◆ Source records:
((

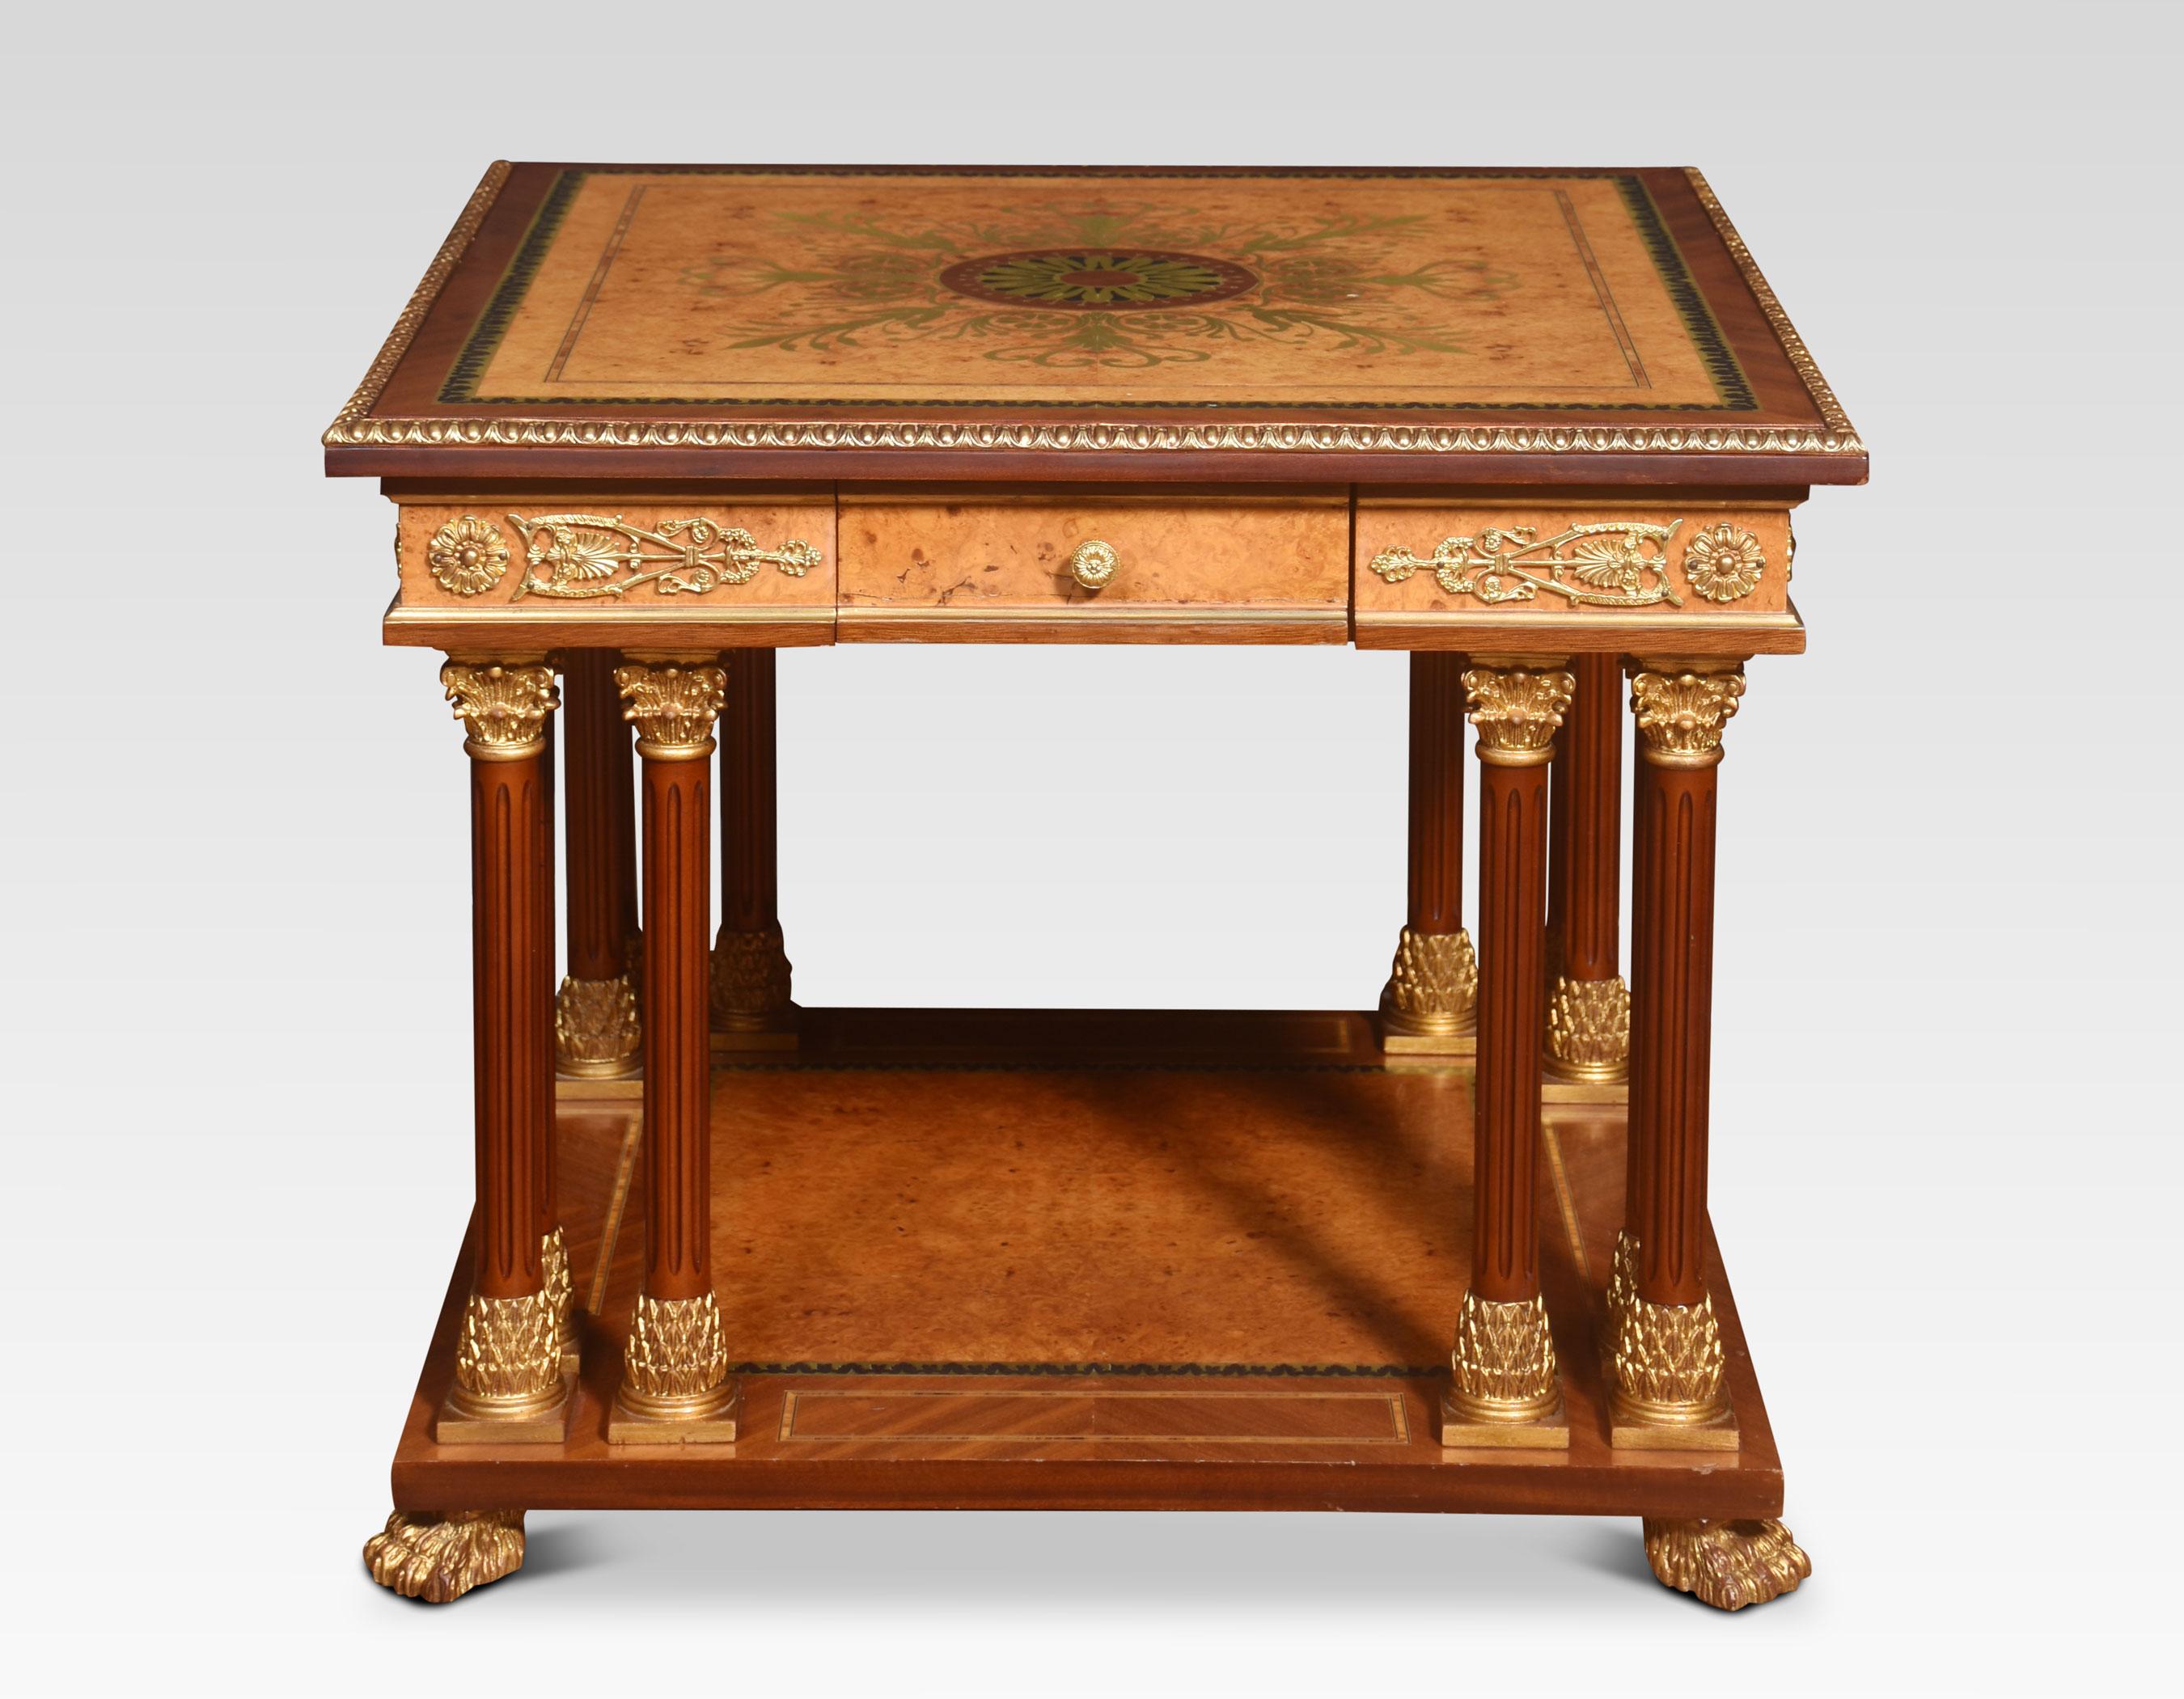 Louis XVI style coffee table, the anthemion brass inlaid top having ebonised border and tooled edge. To the frieze fitted with a drawer. Raised on column legs, gilt metal mounts throughout. Terminating in hairy lion paw feet.
Dimensions
Height 24
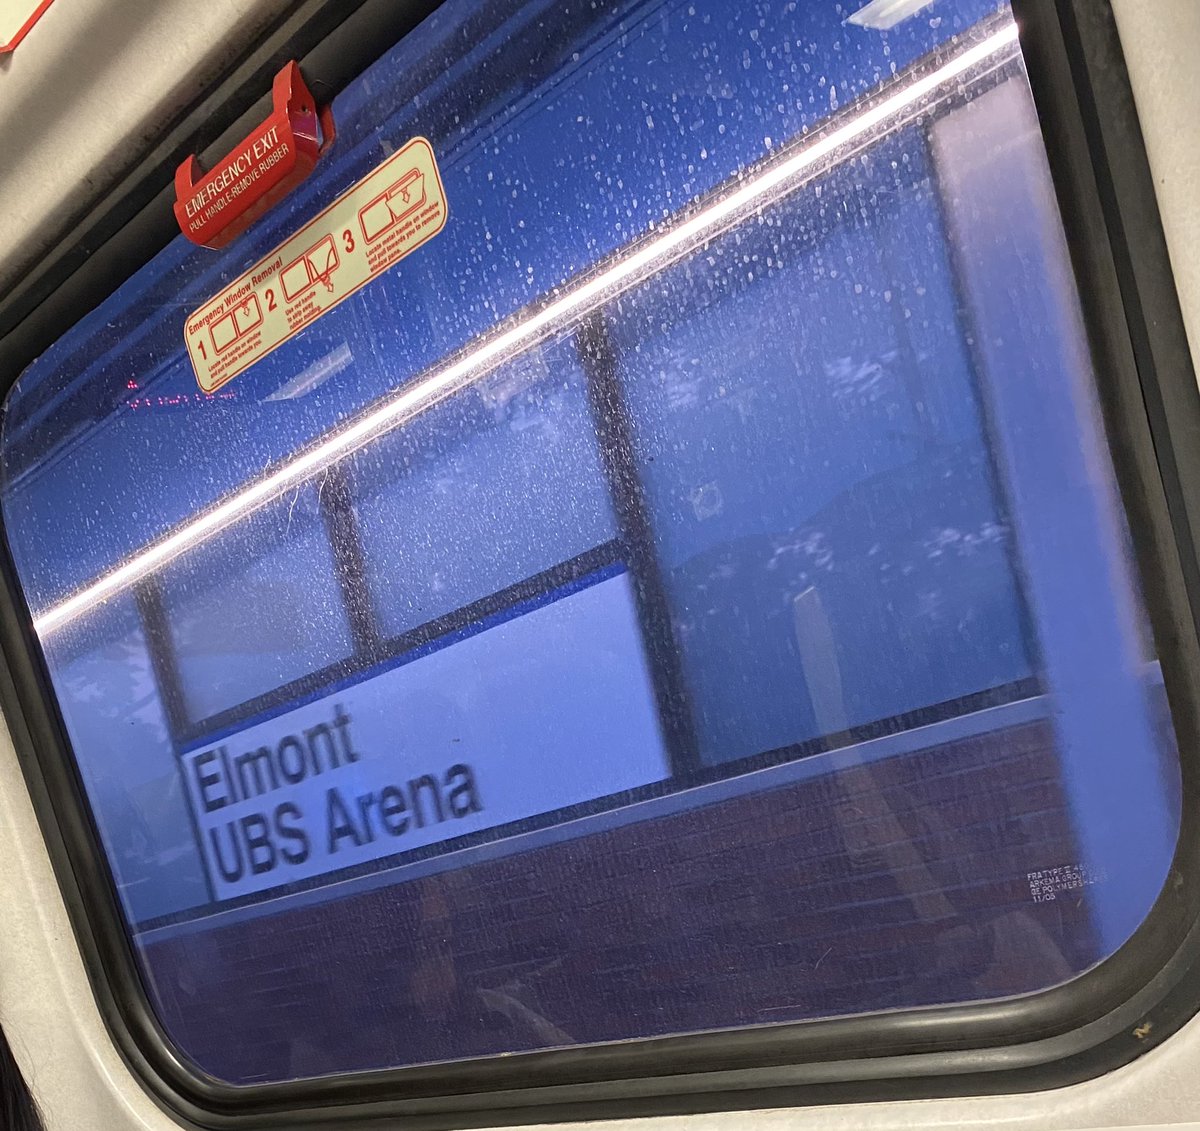 i’ve never stopped at this station on the train so when the overhead said “ubs arena” i jumped in my seat
(what was it namjoon said about not forgetting them?)
(yoongi i love u)
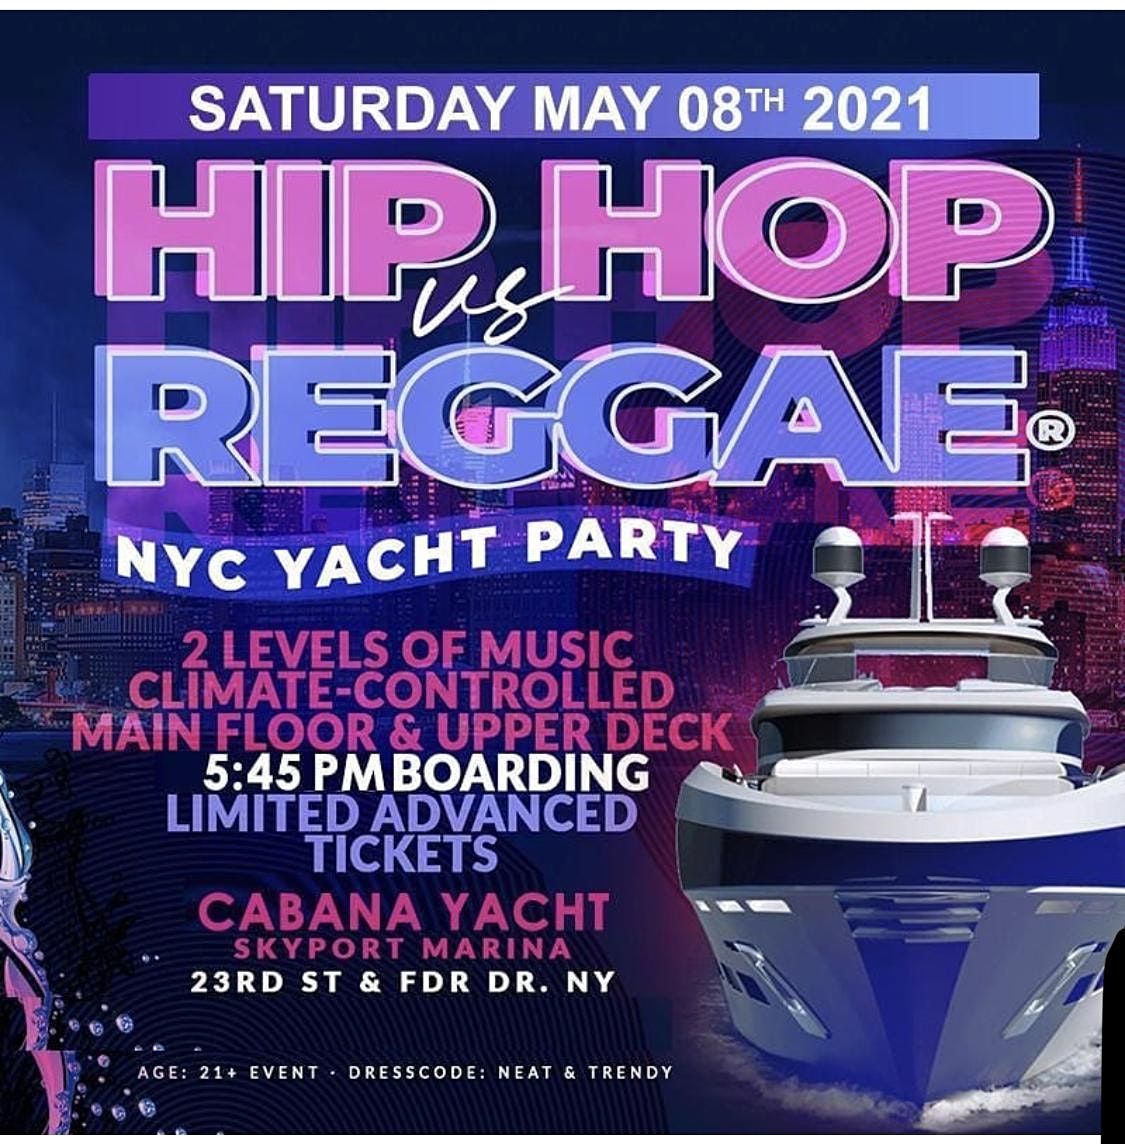 MIDNIGHT YACHT PARTY NYC! Sat., August 28th

))

Pictures aside, the material must be written out word for word.

◆ Task solution:
 Louis XVI style coffee table, the anthemion brass inlaid top having ebonised border and tooled edge. To the frieze fitted with a drawer. Raised on column legs, gilt metal mounts throughout. Terminating in hairy lion paw feet.
Dimensions
Height 24
 i’ve never stopped at this station on the train so when the overhead said “ubs arena” i jumped in my seat
(what was it namjoon said about not forgetting them?)
(yoongi i love u)
 MIDNIGHT YACHT PARTY NYC! Sat., August 28th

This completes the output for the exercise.